“I’m looking forward to helping other families and really hope they will feel supported… I wish I had had this help available when Kayden was diagnosed.”
Valerie Trayner from Edinburgh, tells the story of her 13-year-old son Kayden, who has CLN3 Batten disease, and talks of how she is training to be a peer befriender as part of the new BDFA Batten Befrienders programme.
Before Kayden was diagnosed a friend said to me, “Stick with your gut – keep fighting to get a diagnosis.” I’m so pleased she did as I was at that stage where I was wondering if I was making it all up and felt my husband and I were the only ones who were seeing the changes in Kayden. Every day I was having to speak to the teacher about his behaviour and I knew he wasn’t a bad boy – this just wasn’t him. He needed to have all our attention and wanted adults’ attention in particular. Kayden would put his hand up in class but forget what he wanted to say or ask something completely different to what the teacher had just been talking about. I really didn’t think it was ADD but I didn’t know what was going on. My husband and I asked each other, “Why is Kayden not looking at us, why is he looking over us?”
The hardest part was going back and forth to the doctors, teachers and opticians and none of them could give me any answers. I had to try and put the pieces together myself at home. Once we heard from the Eye Pavilion (a specialist eye treatment centre) that Kayden couldn’t see out of his right eye the first piece of the puzzle was put into place. Now we were put on some sort of track and we were referred onto the next professional which helped so much as we didn’t have to keep constantly fighting everyone to find out more.
For me, my worst case scenario was that Kayden was going to go blind. When they started talking about genetics I couldn’t understand how someone starts just losing their vision when the rest of the family were ok.
Following the Batten diagnosis there were suddenly a lot more professionals involved and then we had to fight to get suitable housing that could be adapted to Kayden’s needs. Six weeks later we decided to go to the BDFA conference and it was here that we heard about genetic testing for family members and siblings. At this point Kayden’s younger brother Kodie, who was three at the time, hadn’t been tested. Kayden was six-years-old when he first showed symptoms so it was a huge relief a few months later when we found out that Kodie was Battens-free.
A new world
Vision and behaviour were the initial problems as they were deteriorating so fast. Thankfully Kayden’s mobility was still good and he was still scrambling all over the climbing frame which frightened me with his lack of vision – but Kayden wasn’t worried! A professional from the Guide Dogs Association came and gave us advice about how to adapt to the lack of vision – he showed us how to know when to cross the roads by touching the spinning button underneath the lights at the crossings.
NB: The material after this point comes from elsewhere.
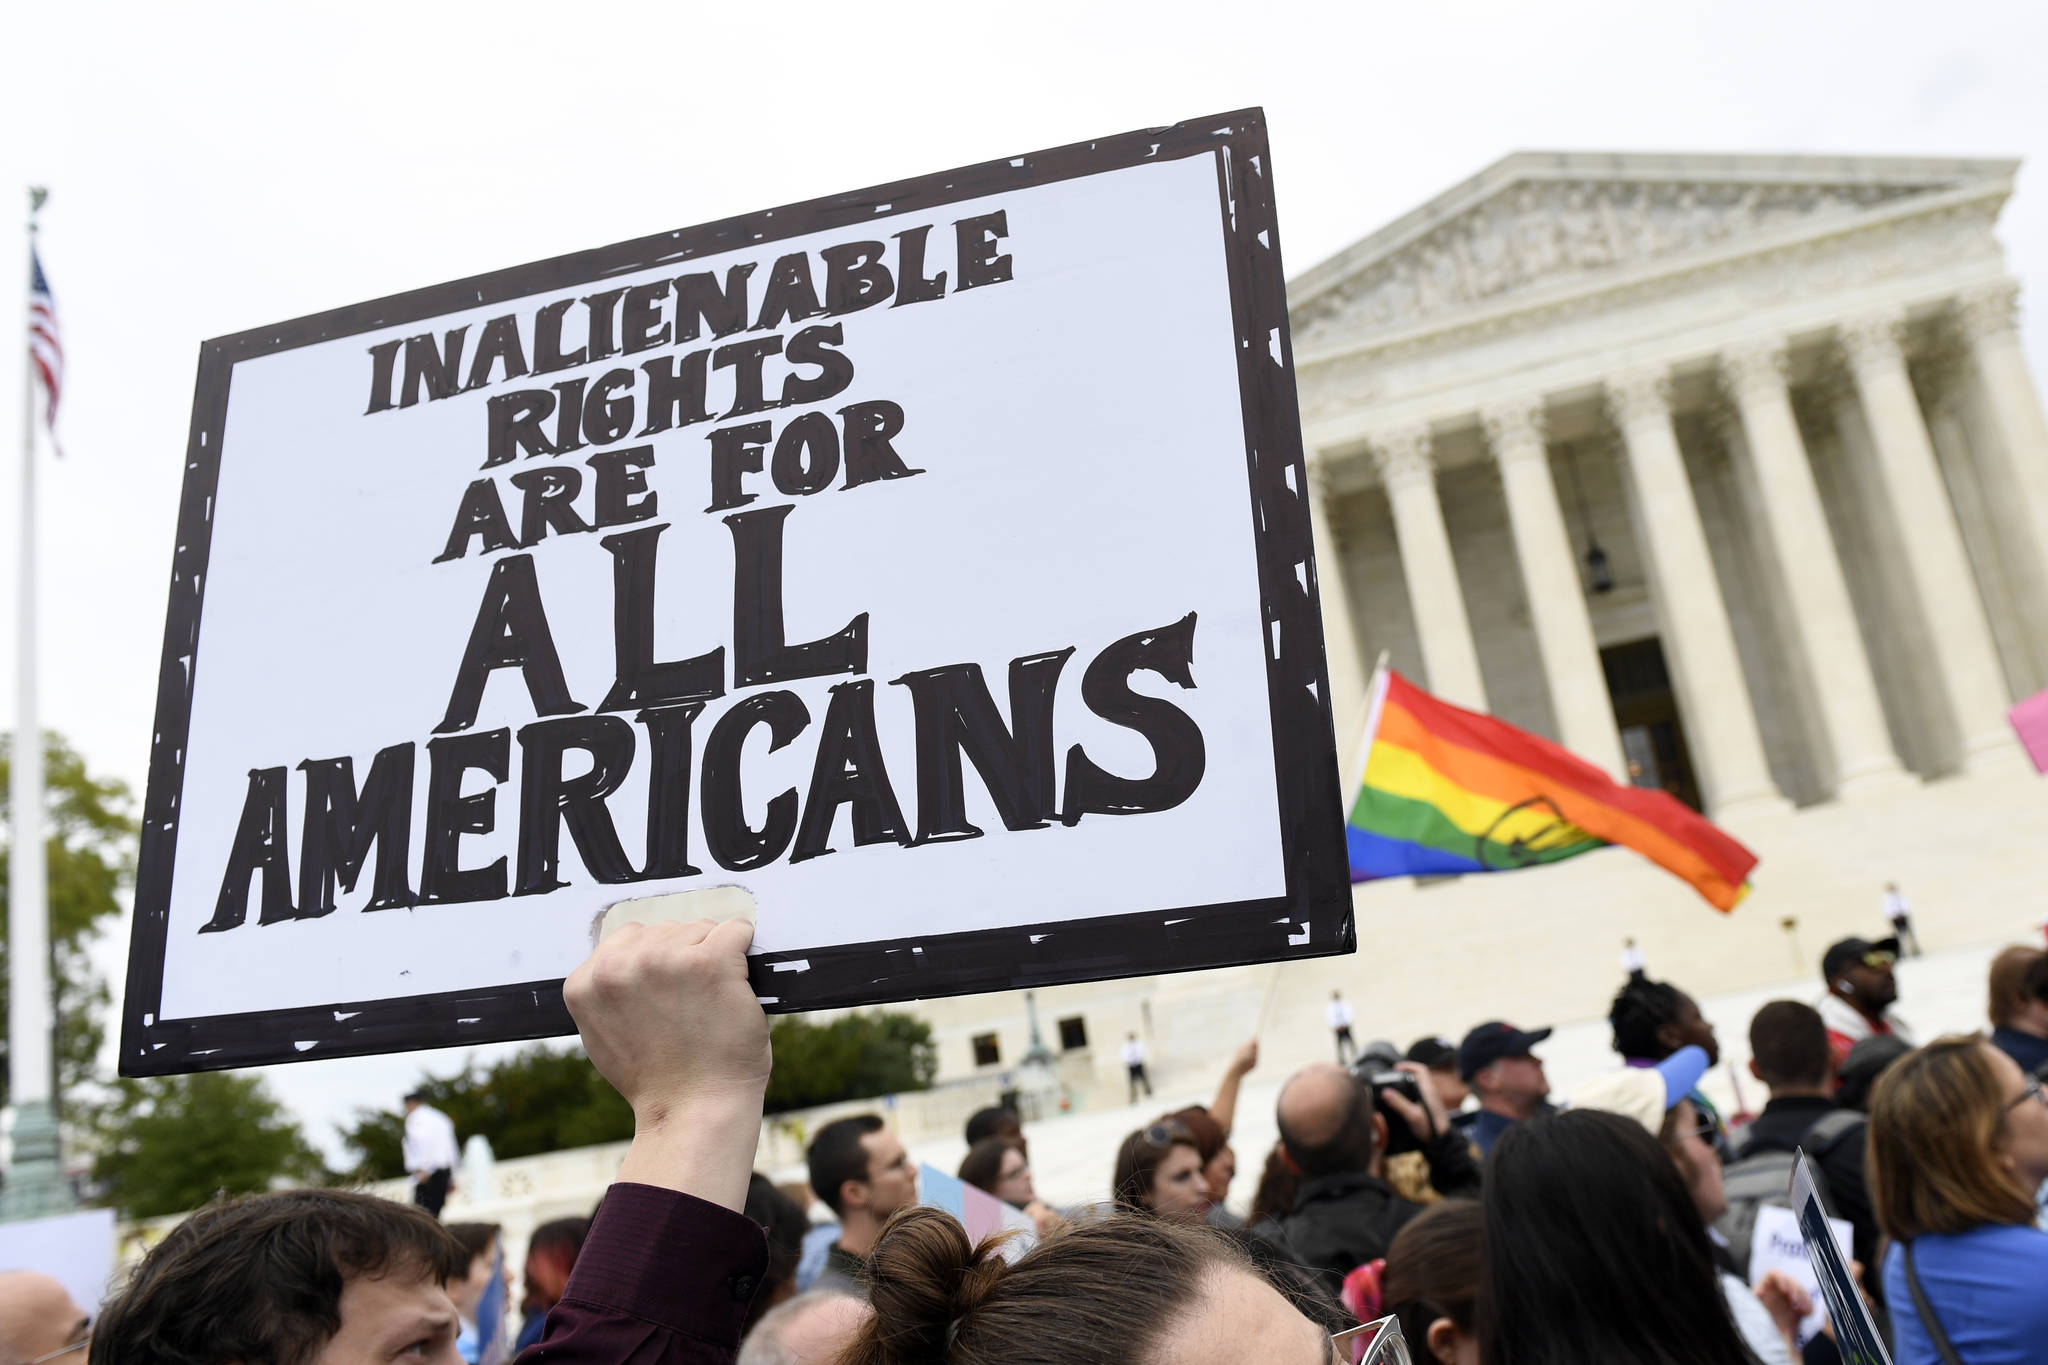 In this Oct. 8, 2019, file photo, protesters gather outside the Supreme Court in Washington where the Supreme Court is hearing arguments in the first case of LGBT rights since the retirement of Supreme Court Justice Anthony Kennedy.  As vice president in 2012, Joe Biden endeared himself to many LGBTQ Americans by endorsing same-sex marriage even before his boss, President Barack Obama. Now, as president-elect, Biden is making sweeping promises to LGBTQ activists, proposing to carry out virtually every major proposal on their wish lists.   (AP Photo / Susan Walsh, File)

We found that places aren’t disability friendly and the world we knew before diagnosis was not the same as the world we are in now. We had to let Kayden lead us and let us know how to adapt to this new world. We had to constantly be one step ahead.
Batten disease is a horrible disease, it’s hard and the unknown is so challenging. It has changed me as a person. I understand things a lot more and it has been eye-opening. Before diagnosis I always said I never wanted to be a carer and it is hard being given a carer role that I never applied for, to have to navigate the system and to have to fight for so much.
It is very hard when you feel you’ve finally got to grips with one area and you have a plan for how you’re going to deal with it all and then the next challenge arrives. There is constant change and learning. Sometimes I question myself and ask, “Do I even know what I’m dealing with? Do I really understand this?” It’s hard explaining to people what Batten disease is. You actually have to go to the dark places to emphasise to friends and family the extent and seriousness of the disease and all the losses that occur at each stage. You wouldn’t see all this just by looking at Kayden. Just the other day a friend told me she didn’t even realise Kayden is blind! Kayden now uses a wheelchair but can walk around if he’s assisted.
We are now six years into our Battens journey and life is good – we manage and we’re at a more settled stage. We take things day-by-day or even hour-by-hour some days. Life is still fun, Kayden is still the Kayden we know. He’s still a joy, he’s still full of fun and humour. The other day we were on the bus and a stranger said to Kayden, “You’re a superstar – you’re a superhero!” Even strangers can really tell how special he is. All the staff at school love him.
I’m currently training to be a parent Peer Befriender for the BDFA and am really enjoying the course. It is really important to me to do this training and have something ‘just for me’ that I can work towards and that works around caring for Kayden and looking after my other children. It’s also a great place to build relationships with other parents and can be so informative about Batten disease too.
I’m looking forward to being able to help other families and really hope they will feel supported by the Peer Befriending programme. I hope that families using the service will find relief in off-loading to someone who does understand something of what they’re going through. I wish I had had this help available when Kayden was diagnosed.